[Data items]
»»
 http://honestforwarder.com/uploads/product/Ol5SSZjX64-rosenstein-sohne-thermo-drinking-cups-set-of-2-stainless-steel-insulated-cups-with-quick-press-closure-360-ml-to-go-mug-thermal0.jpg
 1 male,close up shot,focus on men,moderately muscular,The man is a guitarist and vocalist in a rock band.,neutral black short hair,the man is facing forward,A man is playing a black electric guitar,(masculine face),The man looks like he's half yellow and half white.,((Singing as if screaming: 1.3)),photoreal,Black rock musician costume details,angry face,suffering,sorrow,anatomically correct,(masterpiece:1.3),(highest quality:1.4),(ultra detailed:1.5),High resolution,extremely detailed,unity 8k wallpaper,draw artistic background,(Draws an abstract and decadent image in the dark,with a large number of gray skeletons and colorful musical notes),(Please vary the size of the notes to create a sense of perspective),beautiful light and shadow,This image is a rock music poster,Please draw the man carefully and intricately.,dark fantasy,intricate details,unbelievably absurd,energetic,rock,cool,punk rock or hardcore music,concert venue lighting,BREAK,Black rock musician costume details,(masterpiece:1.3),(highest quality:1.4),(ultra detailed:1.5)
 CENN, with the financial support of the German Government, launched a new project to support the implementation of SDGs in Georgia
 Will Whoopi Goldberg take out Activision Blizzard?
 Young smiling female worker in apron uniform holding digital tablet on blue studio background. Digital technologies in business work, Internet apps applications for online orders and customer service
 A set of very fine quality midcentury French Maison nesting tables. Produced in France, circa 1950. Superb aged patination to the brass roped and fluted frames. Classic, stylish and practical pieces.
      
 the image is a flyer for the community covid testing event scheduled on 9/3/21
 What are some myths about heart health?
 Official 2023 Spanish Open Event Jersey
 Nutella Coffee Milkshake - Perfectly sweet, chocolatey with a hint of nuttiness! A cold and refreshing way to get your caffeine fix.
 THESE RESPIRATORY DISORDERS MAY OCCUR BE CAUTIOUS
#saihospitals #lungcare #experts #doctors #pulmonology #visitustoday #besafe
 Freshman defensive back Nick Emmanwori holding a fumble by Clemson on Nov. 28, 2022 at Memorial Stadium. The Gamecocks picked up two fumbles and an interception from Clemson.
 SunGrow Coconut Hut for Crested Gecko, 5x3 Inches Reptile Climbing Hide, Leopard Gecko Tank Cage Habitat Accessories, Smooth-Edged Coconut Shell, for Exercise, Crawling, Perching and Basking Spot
««
• _About this task_
The expected response is the full data, reproduced exactly.

• _Written answer_
 http://honestforwarder.com/uploads/product/Ol5SSZjX64-rosenstein-sohne-thermo-drinking-cups-set-of-2-stainless-steel-insulated-cups-with-quick-press-closure-360-ml-to-go-mug-thermal0.jpg
 1 male,close up shot,focus on men,moderately muscular,The man is a guitarist and vocalist in a rock band.,neutral black short hair,the man is facing forward,A man is playing a black electric guitar,(masculine face),The man looks like he's half yellow and half white.,((Singing as if screaming: 1.3)),photoreal,Black rock musician costume details,angry face,suffering,sorrow,anatomically correct,(masterpiece:1.3),(highest quality:1.4),(ultra detailed:1.5),High resolution,extremely detailed,unity 8k wallpaper,draw artistic background,(Draws an abstract and decadent image in the dark,with a large number of gray skeletons and colorful musical notes),(Please vary the size of the notes to create a sense of perspective),beautiful light and shadow,This image is a rock music poster,Please draw the man carefully and intricately.,dark fantasy,intricate details,unbelievably absurd,energetic,rock,cool,punk rock or hardcore music,concert venue lighting,BREAK,Black rock musician costume details,(masterpiece:1.3),(highest quality:1.4),(ultra detailed:1.5)
 CENN, with the financial support of the German Government, launched a new project to support the implementation of SDGs in Georgia
 Will Whoopi Goldberg take out Activision Blizzard?
 Young smiling female worker in apron uniform holding digital tablet on blue studio background. Digital technologies in business work, Internet apps applications for online orders and customer service
 A set of very fine quality midcentury French Maison nesting tables. Produced in France, circa 1950. Superb aged patination to the brass roped and fluted frames. Classic, stylish and practical pieces.
      
 the image is a flyer for the community covid testing event scheduled on 9/3/21
 What are some myths about heart health?
 Official 2023 Spanish Open Event Jersey
 Nutella Coffee Milkshake - Perfectly sweet, chocolatey with a hint of nuttiness! A cold and refreshing way to get your caffeine fix.
 THESE RESPIRATORY DISORDERS MAY OCCUR BE CAUTIOUS
#saihospitals #lungcare #experts #doctors #pulmonology #visitustoday #besafe
 Freshman defensive back Nick Emmanwori holding a fumble by Clemson on Nov. 28, 2022 at Memorial Stadium. The Gamecocks picked up two fumbles and an interception from Clemson.
 SunGrow Coconut Hut for Crested Gecko, 5x3 Inches Reptile Climbing Hide, Leopard Gecko Tank Cage Habitat Accessories, Smooth-Edged Coconut Shell, for Exercise, Crawling, Perching and Basking Spot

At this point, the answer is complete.